18 Dec 2008

winterkoninkje: shadowcrane (clean) (Default)

Joel on Software says somewhere that there are two things every programmer must understand to call themselves a computer scientist. The first: pointers, which can only be understood —in all their subtle horror— by learning C (or assembly). The second is recursion which can only really be learned from pure functional languages (or mathematical topology). Many imperative programmers think they understand recursion, but they don't. Lists are pretty. Trees are cute. Binary is pretty cute. But you don't understand recursion until you've been throwing bananas at bushes and convinced people it makes sense.

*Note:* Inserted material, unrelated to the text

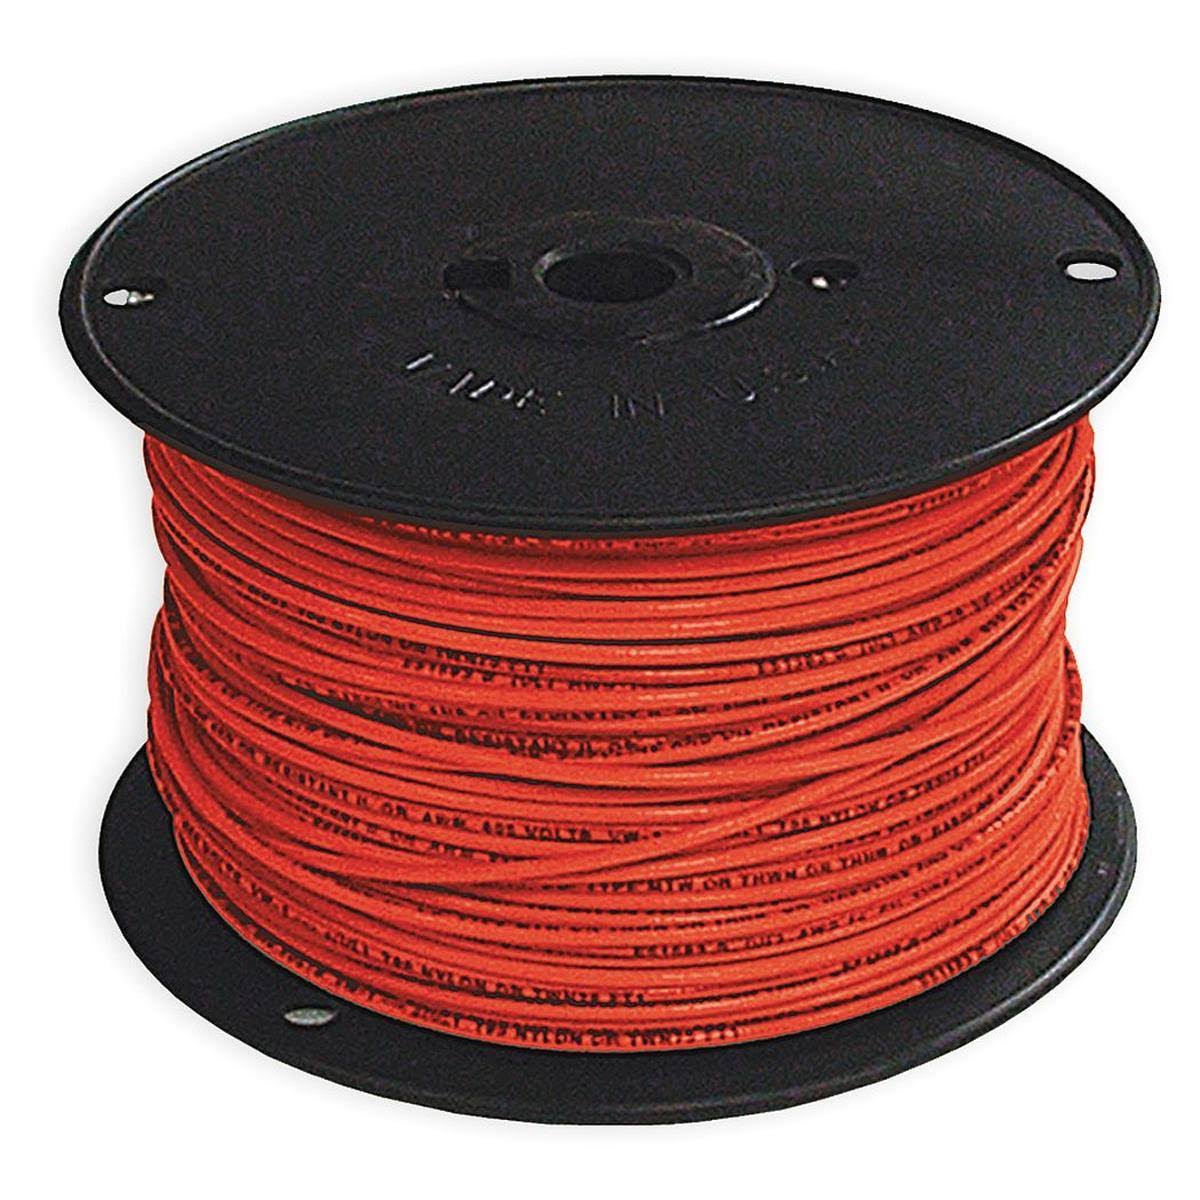 Southwire Company Building Wire - 14STR THHN, 500', Red

Today I present a job problem a coworker thought was impossible. It's a run of the mill problem, says the Haskeller, but it highlights the extent to which Java and imperative thinking cloud the simple mathematical problem and the equally simple functional solution. Consider for the moment that you're writing a program to do parsing-based machine translation. You have a bunch of CFG-like rules. Somewhere in your program you have a function that takes, for each non-terminal position, a list of all parses which can produce the given non-terminal, and you want to try all possible ways of completing each rule. For grammars restricted to only having at most two nonterminals per rule, your function looks something like this:

public void completeCell(a bunch of arguments,
                         ArrayList<Rule> rules,
                         ArrayList<ArrayList<Parse>> allParses) {
    for (Rule r : rules) {
        if (r.arity == 1) {
            for(Parse p : allParses.get(0)) {
                ArrayList<Parse> antecedents = new ArrayList<Parse>();
                antecedents.add(p);
                doCrazyStuff(a bunch of arguments, antecedents);
            }
        } else if (r.arity == 2) {
            for(Parse p0 : allParses.get(0)) {
            for(Parse p1 : allParses.get(1)) {
                ArrayList<Parse> antecedents = new ArrayList<Parse>();
                antecedents.add(p0);
                antecedents.add(p1);
                doCrazyStuff(a bunch of arguments, antecedents);
            }
            }
        } else {
            System.crash("ohnoes, we can only do two!");
        }
}

Did you read all that? Neither did I. But now it's your job to generalize this function so that it will work for rules with an arbitrary number of nonterminals. Obviously, adding extra conditionals with additional loops can only ever get so far. I bring up that the problem domain involves formal language theory, not just because it does, but because it gives us a much cleaner way to think about the problem without code bloat obscuring our vision. Consider the following class of formal languages: someone hands you a sequence of sets of letters, and you must enumerate all sequences of letters consistent with it (that is, the letter at position X is an element of the set at position X, for all X). In particular, your algorithm for enumerating these sequences must work no matter how long the (finite) sequence of (finite) sets is. These are exactly the same problem. All that fluff about what you do with the sequences after you've created them is just that. Fluff. Ditto for what the letters look like inside and why you'd want to do this in the first place. But given this simple problem enumerate :: Seq (Set a) -> Set (Seq a), do you see what the answer is?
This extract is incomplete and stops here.